Mr. Young became a fan of this newsletter and we became friendly as we encountered each other at industry conferences. He even thanked me in his follow up book, The New Capital Markets Revolution. As a member of the SFOA board of directors, he also invited me to come to the Bürgenstock conference.

That invitation changed everything, one could say. Heading to Bürgenstock would not be an exercise in trying to find new electronic trading clients, but extending the reach of this newsletter and taking the next step in building it into something.

I did not go to Bürgenstock that year, but I instituted the “voluntary pay” format of this newsletter to generate income that could pay for my trip to Bürgenstock should I be invited again. I turned my viral marketing experiment that aimed to help my brokerage business and CTA equity raising enterprise into a for-profit business.

As you can see that business has grown every year. My brokerage business did not flourish in the long-term, but other factors were also at work there; the subject for another commentary. In 2011, I turned my attention full-time to growing this burgeoning media business, with the help of my talented and dedicated staff.

Somewhere since then, Mr. Young got back into the publishing business and launched Exchange Invest. To many, the style, target audience and format looked familiar, and redundant. Of course, his is not the only newsletter or blog to pop up in recent years in the exchange and trading space.

As a lover of competition, I appreciate Mr. Young’s efforts aimed at exchange investors in principle. I used to run his commentaries in this newsletter, as I had always done before.

However, as time wore on we noticed there was something strange about Exchange Invest. It never included anything published by John Lothian News no matter how relevant the subject. And there is where Mr. Young has rubbed me the wrong way.

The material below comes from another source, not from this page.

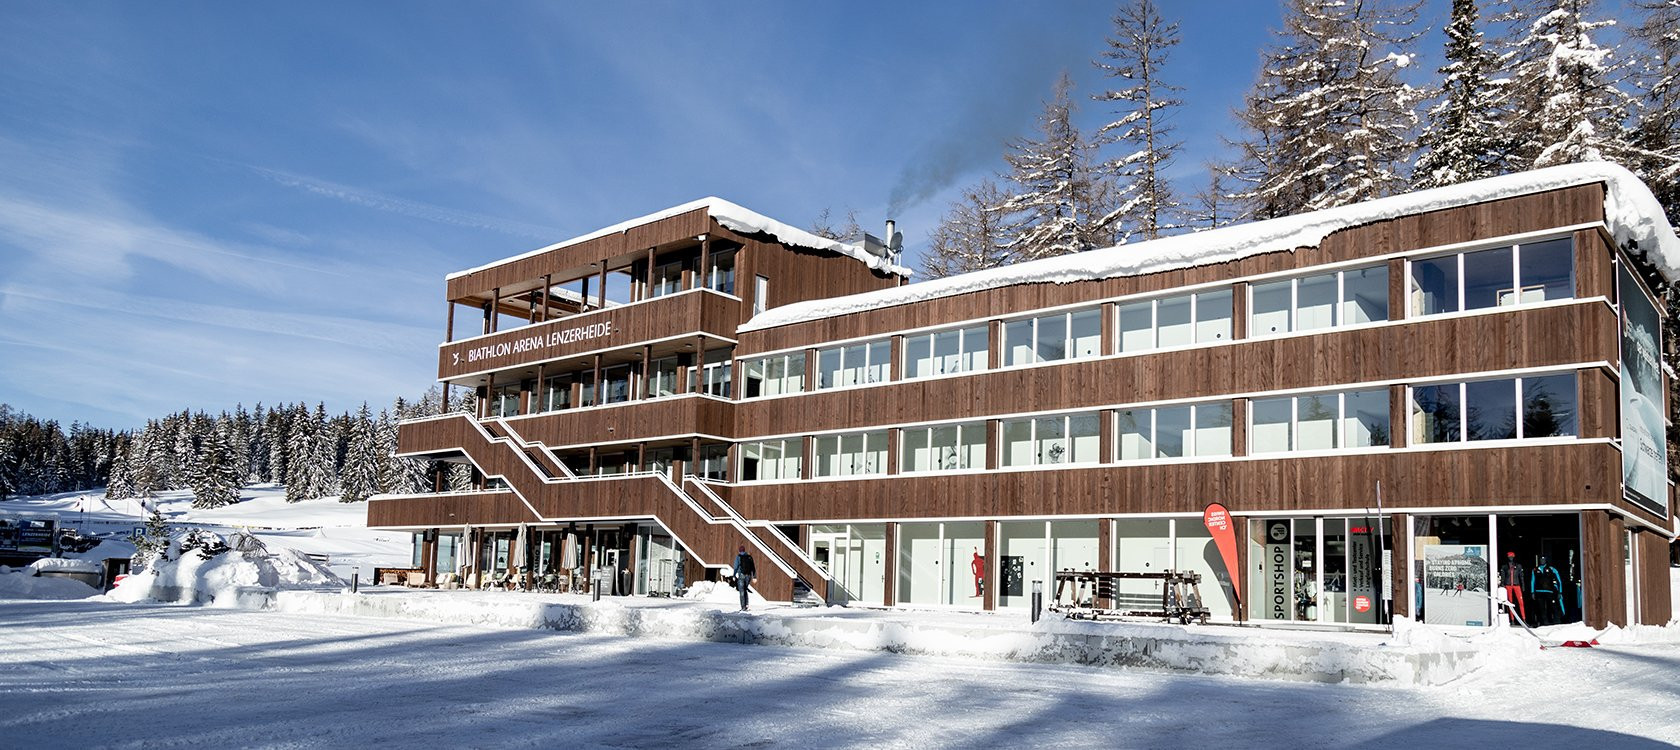 Swiss-Ski announce plans to turn Lenzerheide into "biathlon hot-spot"

Proud of the original work we do and the markets-focused global audience we have developed, I have to question the value of Exchange Invest’s overall content to readers/investors given this purposeful omission. It is at the very least a good head scratcher. Our content has not breached his newsletter to my knowledge, even when the content has featured some of his favorite targets.

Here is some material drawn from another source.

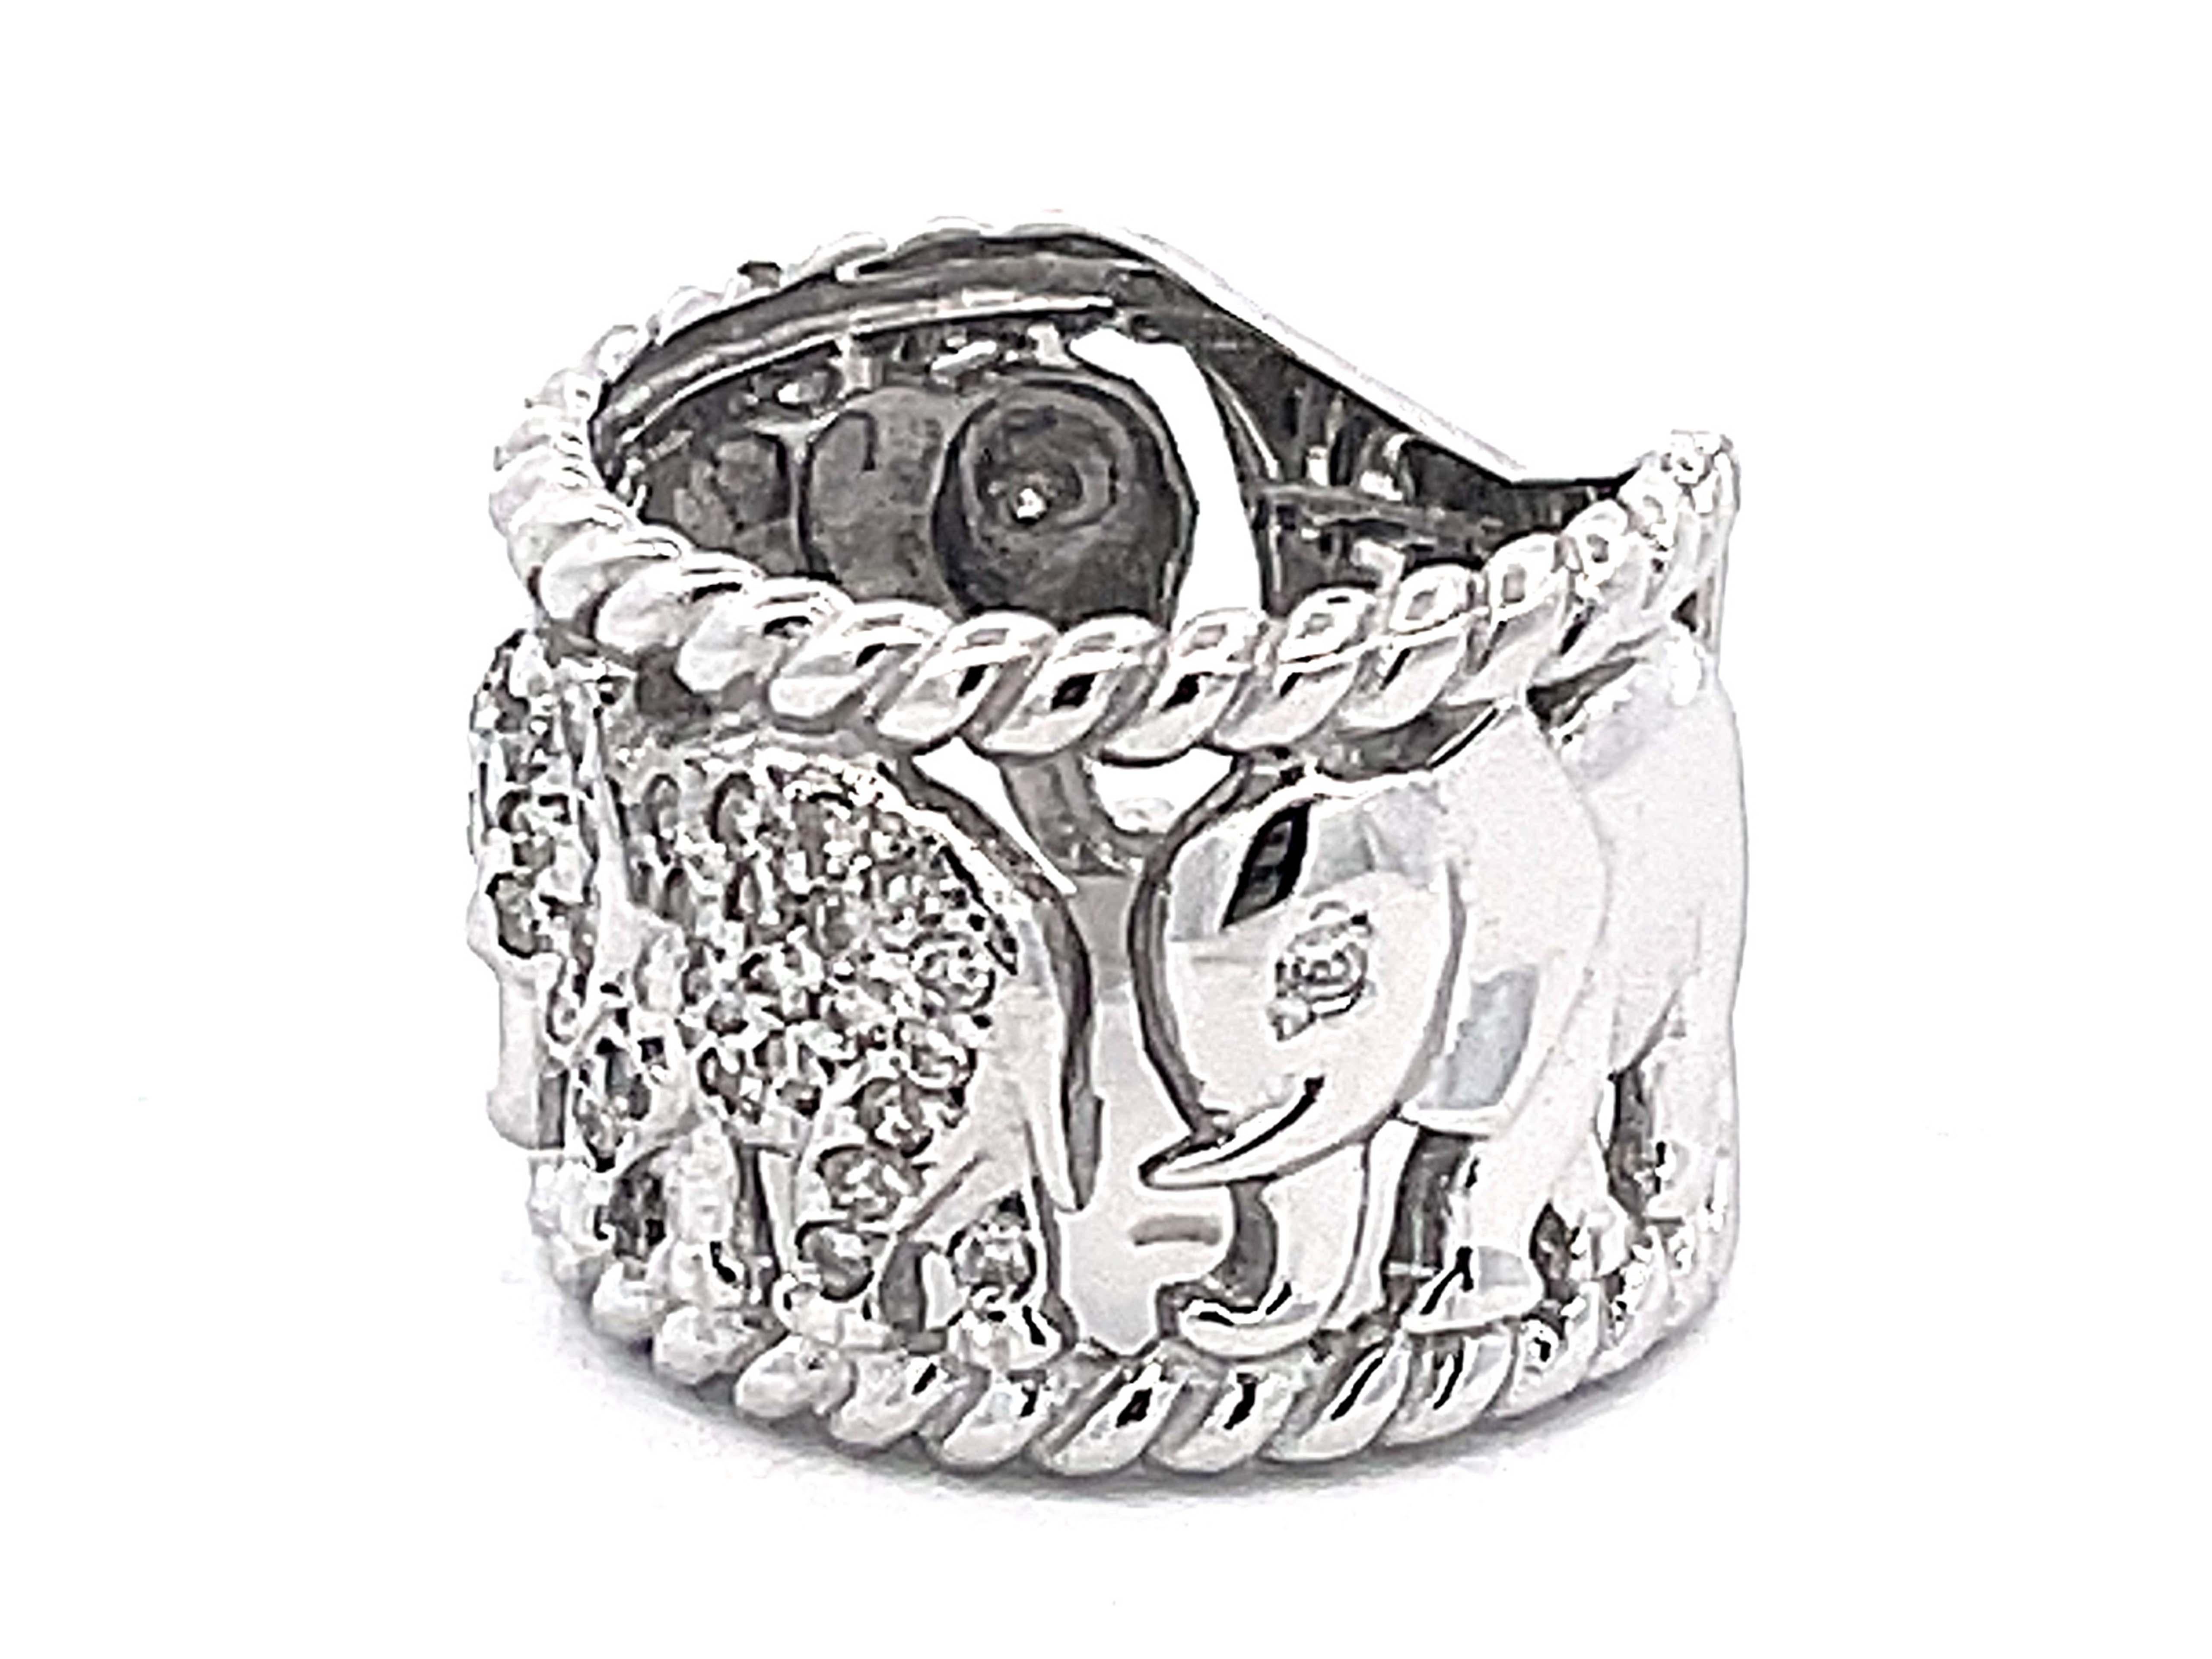 Brilliant Cut Multi Diamond Band Ring in 14k White Gold For Sale

In light of this slight, we have subsequently ignored Exchange Invest and Mr. Young’s musings for the most part in JLN. If we were not relevant to him, he was certainly not relevant to our readers. And I don’t care to pass on ad hominem attacks.

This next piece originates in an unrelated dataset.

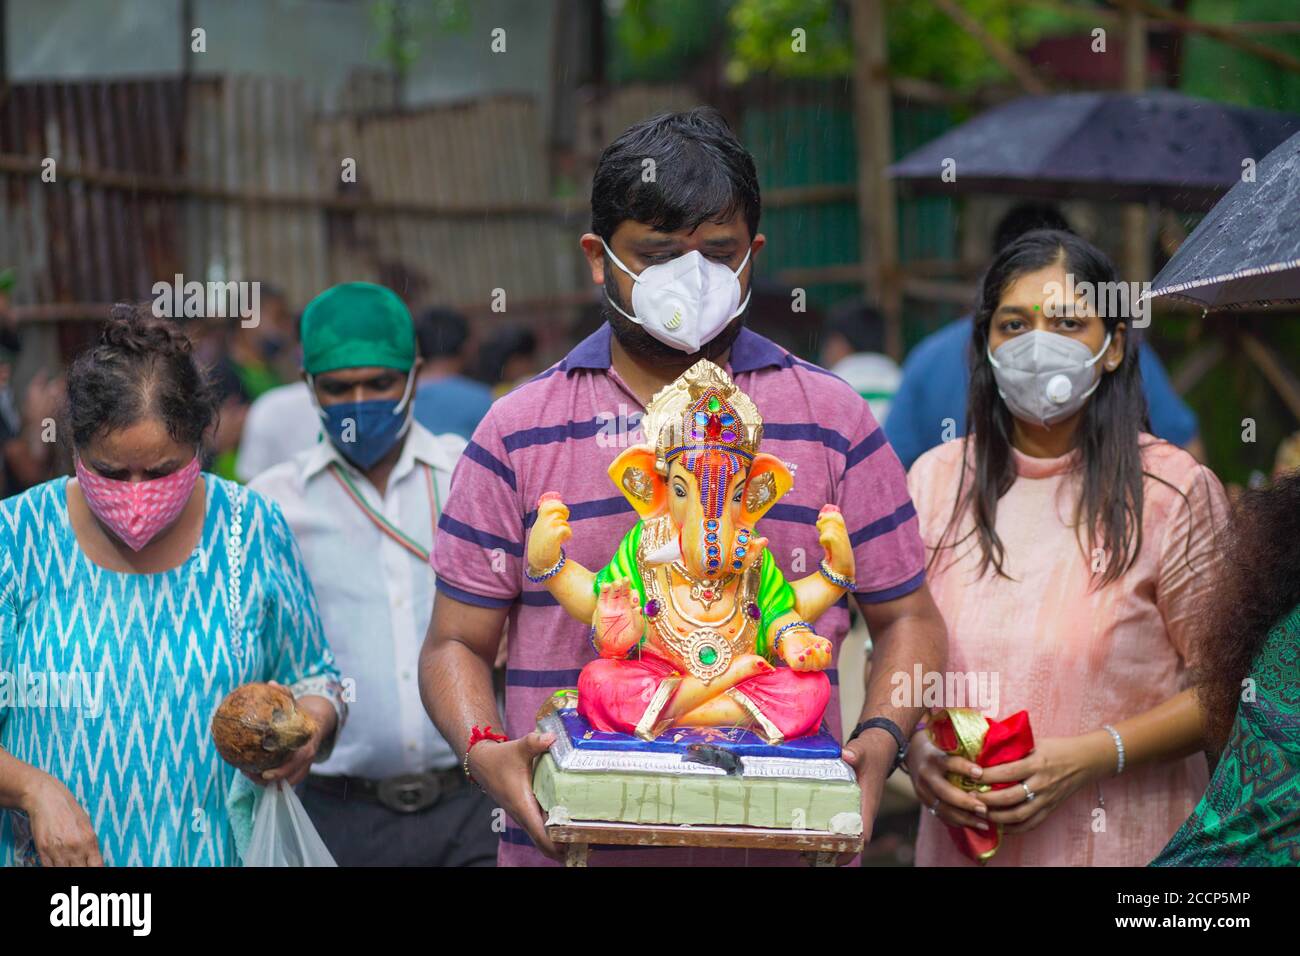 Ganesh idol immersion in covid 19 pandemic restrictions. Ganpati Visarjan In Man Made pond People With Mask -Mumbai, Maharashtra / India. Stock Photo

To be fair I should note that in recent months Mr. Young has admiringly mentioned me in his newsletter, most notably when I had to rush home from IDX when my wife had an emergency appendectomy and after my column on the late and longtime SFOA CEO Paul-Andre Jacot. Since we are both headed to Geneva for the Burgenstock conference, maybe we will get a moment at a cocktail party to discuss this issue.

This industry may be global in nature, but it is still a tight community that Mr. Young has participated in and fallen out of for a variety of reasons. As such, he is a controversial subject of discussion, gossip and debate.

Yet, what everyone wants in this business is to be relevant. That is what Bürgenstock is fighting for – to remain a relevant event on a crowded conference calendar. Whether Mr. Young is part of the solution for the conference or someone who represents better days of yesteryear is debatable, but will be decided later this month.

While my history with Patrick Young, along with many in the industry, is complicated, I think we both genuinely want the Bürgenstock conference to be successful. We can agree on that, even if we don’t see eye to eye on other issues.